NAA Awards the 2018 Collier Trophy to the Auto GCAS Team
More than 200 members of the aerospace community gathered on June 13 in Washington, D.C. for the 104thpresentation of the Robert J. Collier Trophy to the Automatic Ground Collision Avoidance System (Auto GCAS) Team. The team, comprised of the Air Force Research Laboratory, Lockheed Martin, the F-35 Joint Program Office, the F-16 Joint System Program Office, the 461st and 416th Flight Test Squadrons, NASA, and the Defense Safety Oversight Council, was awarded the 2018 Collier Trophy for “… successfully completing a rapid design, integration, and flight test of critical, life-saving technology for the worldwide F-35 fleet, expanding the technology for F-16 users and civil aviation, and setting certification standards that marked aviation's entry into the age of autonomy.”

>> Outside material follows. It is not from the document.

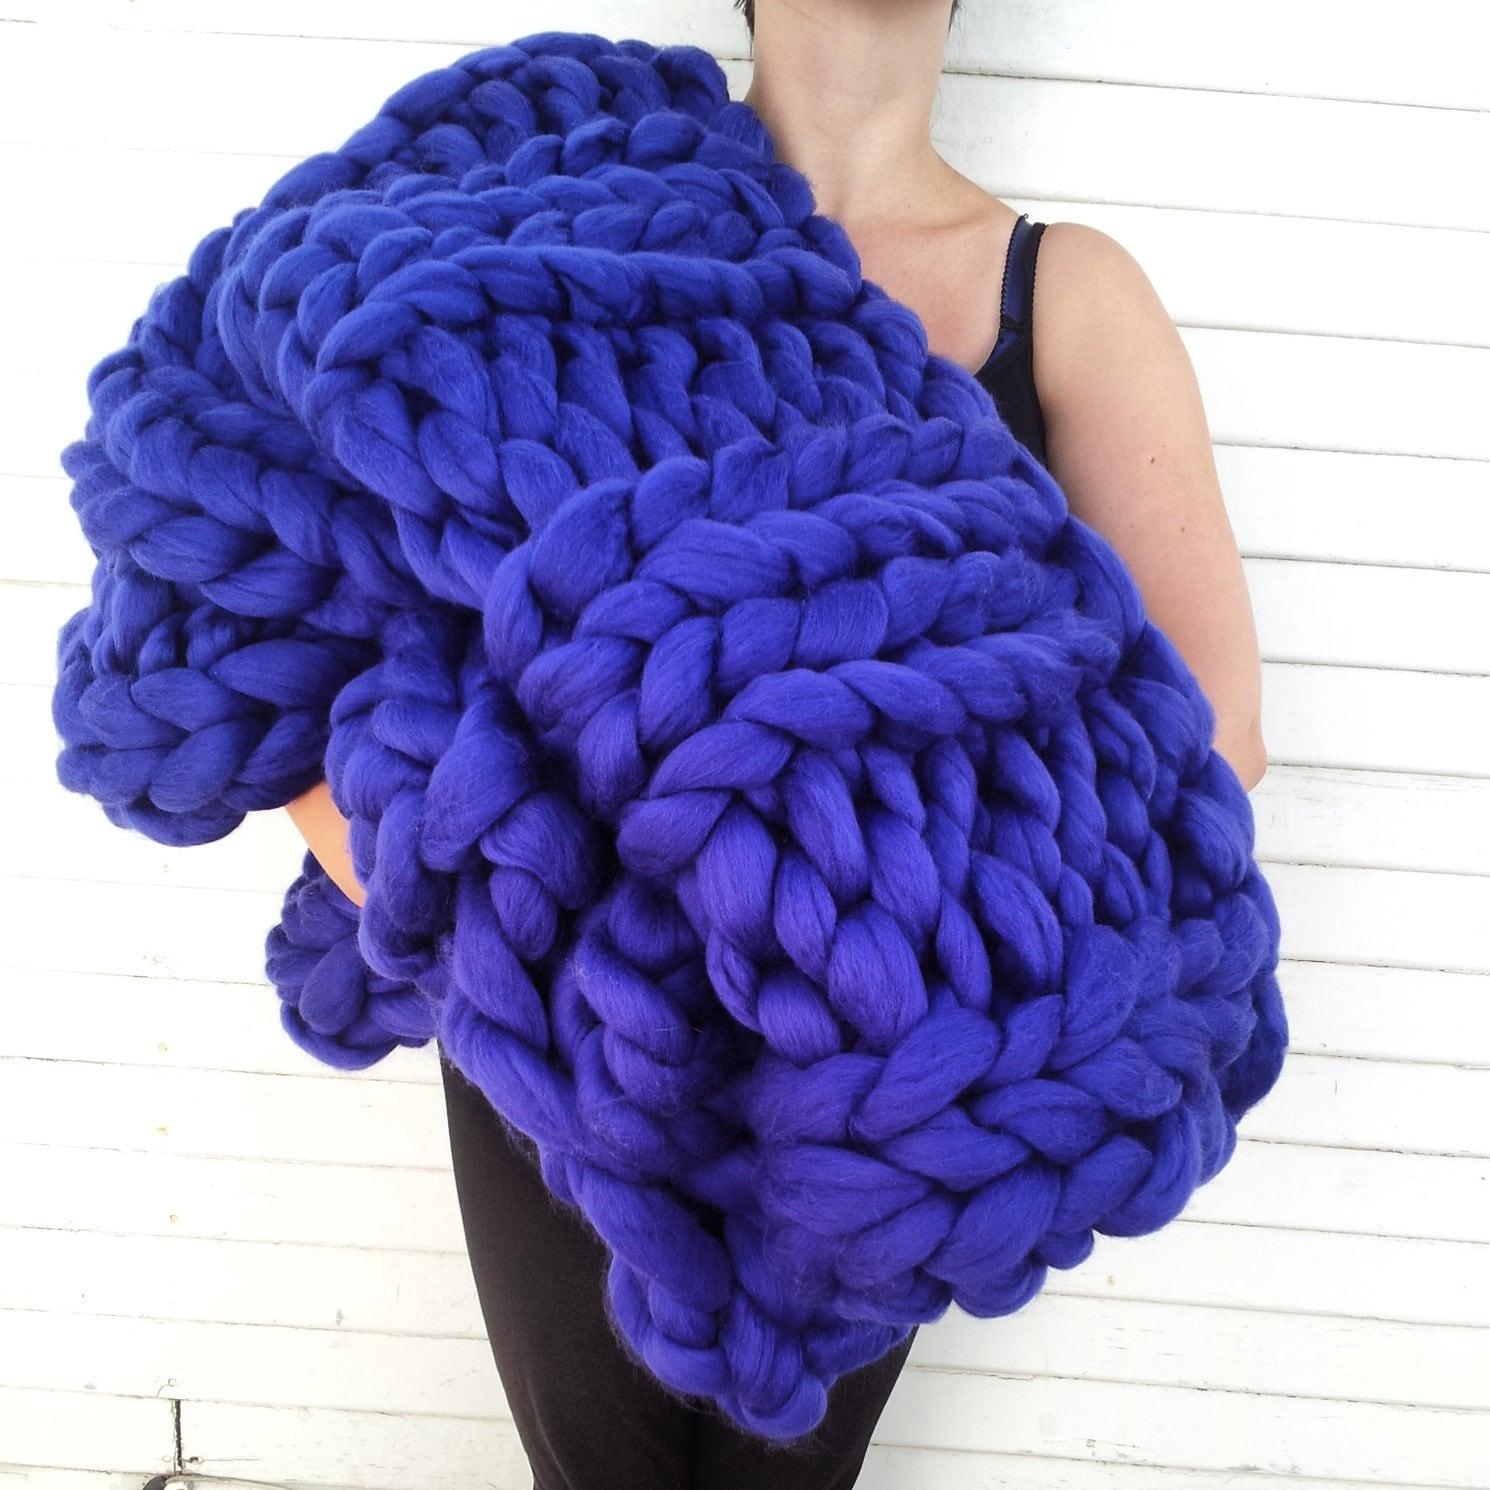 super chunky knit merino blanket 40 x 58 by lilyandpeabody. Black Bedroom Furniture Sets. Home Design Ideas
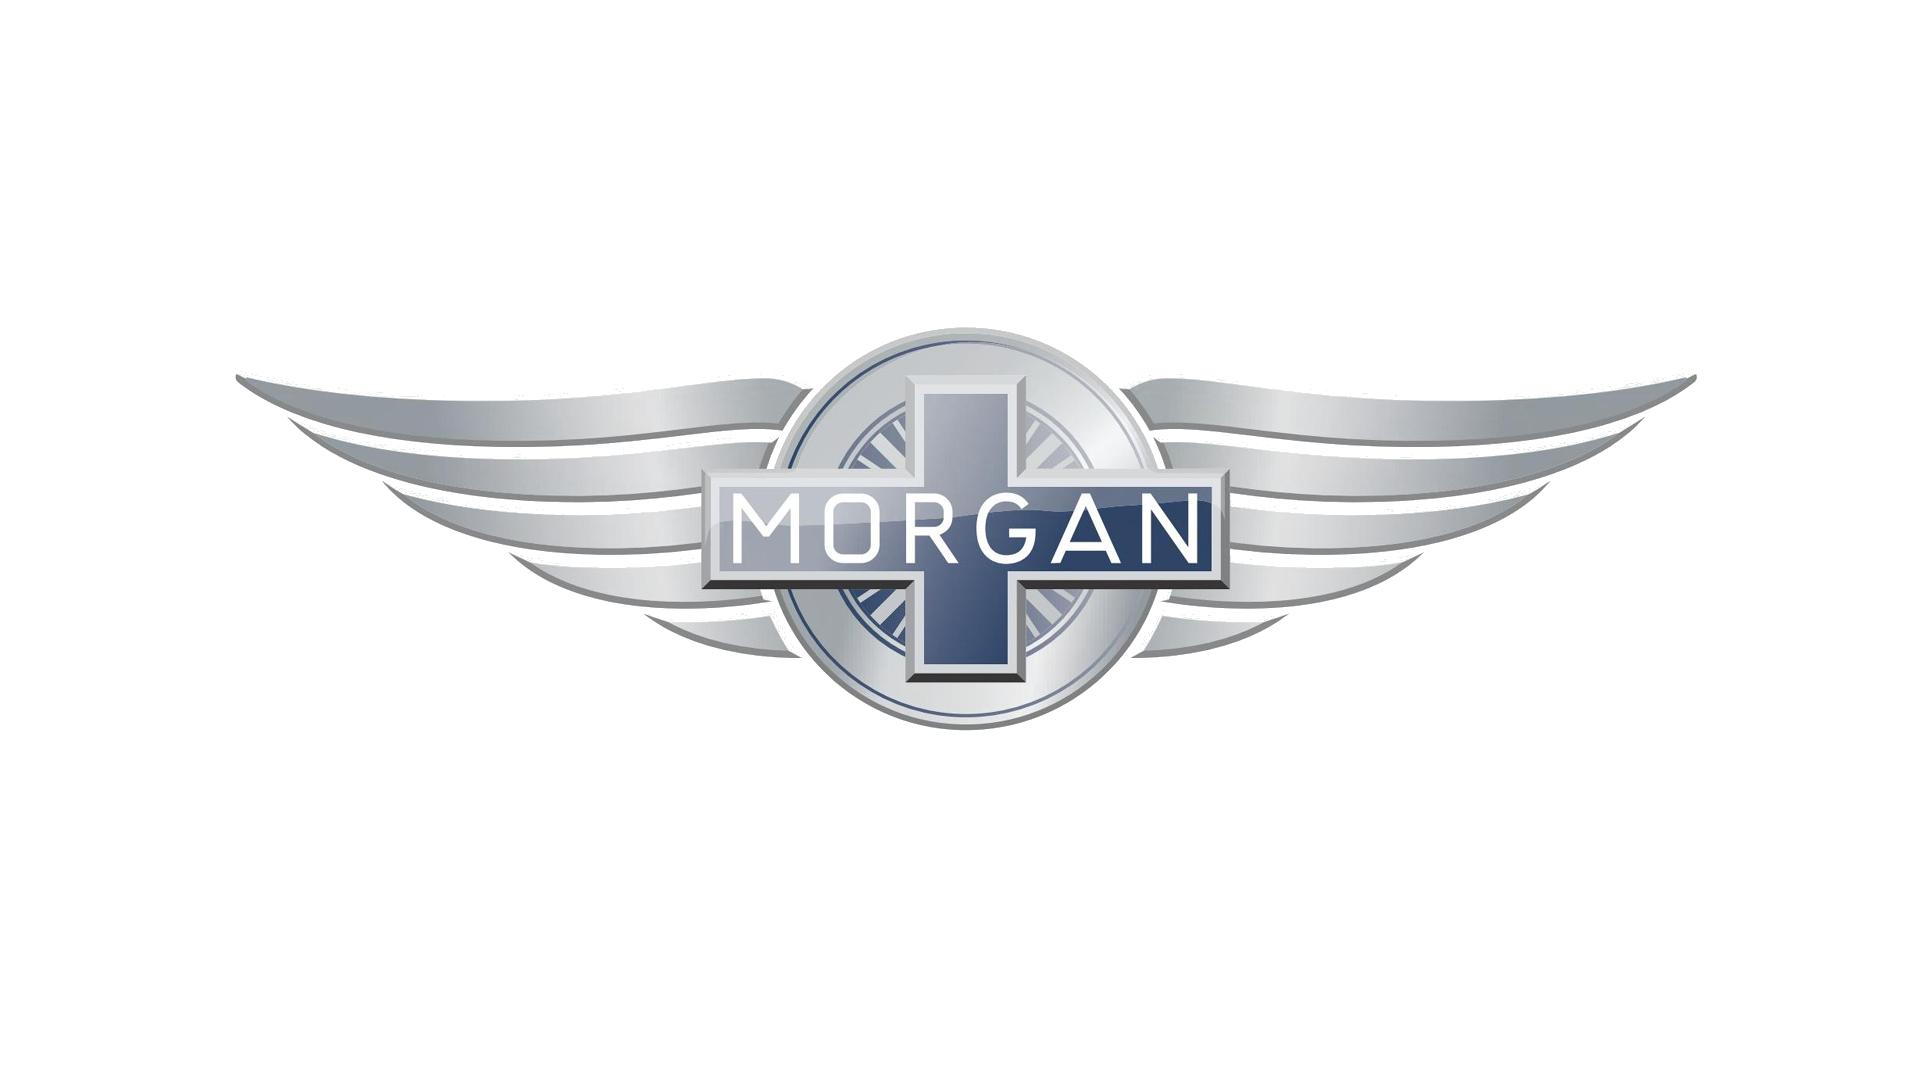 morgan_2-1

Administered by the National Aeronautic Association and displayed at the Smithsonian’s National Air and Space Museum, the Collier Trophy is awarded annually “…for the greatest achievement in aeronautics or astronautics in America” in the preceding year. At seven and a half feet tall and 525 pounds, the trophy represents a timeline of air and space achievements marking major events in the history of flight. The trophy, which travels from the Smithsonian one night each year to take part in the awards ceremony, served as the centerpiece of the event honoring the Auto GCAS Team.
Auto GCAS is a complex series of autonomous decision making and collision avoidance algorithms designed to prevent controlled flight into terrain mishaps by executing an automatic recovery maneuver when impact with the ground is imminent. Since the system entered service with the U.S. Air Force in late 2014, Auto GCAS has been credited with seven saves – eight pilots and seven F-16s.
The result of a partnership between government and industry, Auto GCAS advances autonomous technologies and continues to positively impact the aviation community by ensuring pilots and fleets operating around the globe always return home safely.
Mark Wilkins, Senior Aviation Safety Analyst, Office of the Secretary of Defense for Force Safety and Occupational Health accepted the Collier Trophy on behalf of the Auto GCAS Team. “In the not too distant future, this technology will be like smart phones today – we will take it for granted and wonder how we ever survived without it,” affirmed Wilkins. “And it all started with a small group in this room and a vision.”
When Robert J. Collier commissioned the trophy in 1910, he may never have dreamed it would be awarded to a technology as advanced as the Auto GCAS. The timeless value of his trophy ensures each recipient is marked with a historic celebration. Congratulations to the Auto GCAS Team for the extraordinary accomplishment that is the life-saving Auto GCAS technology.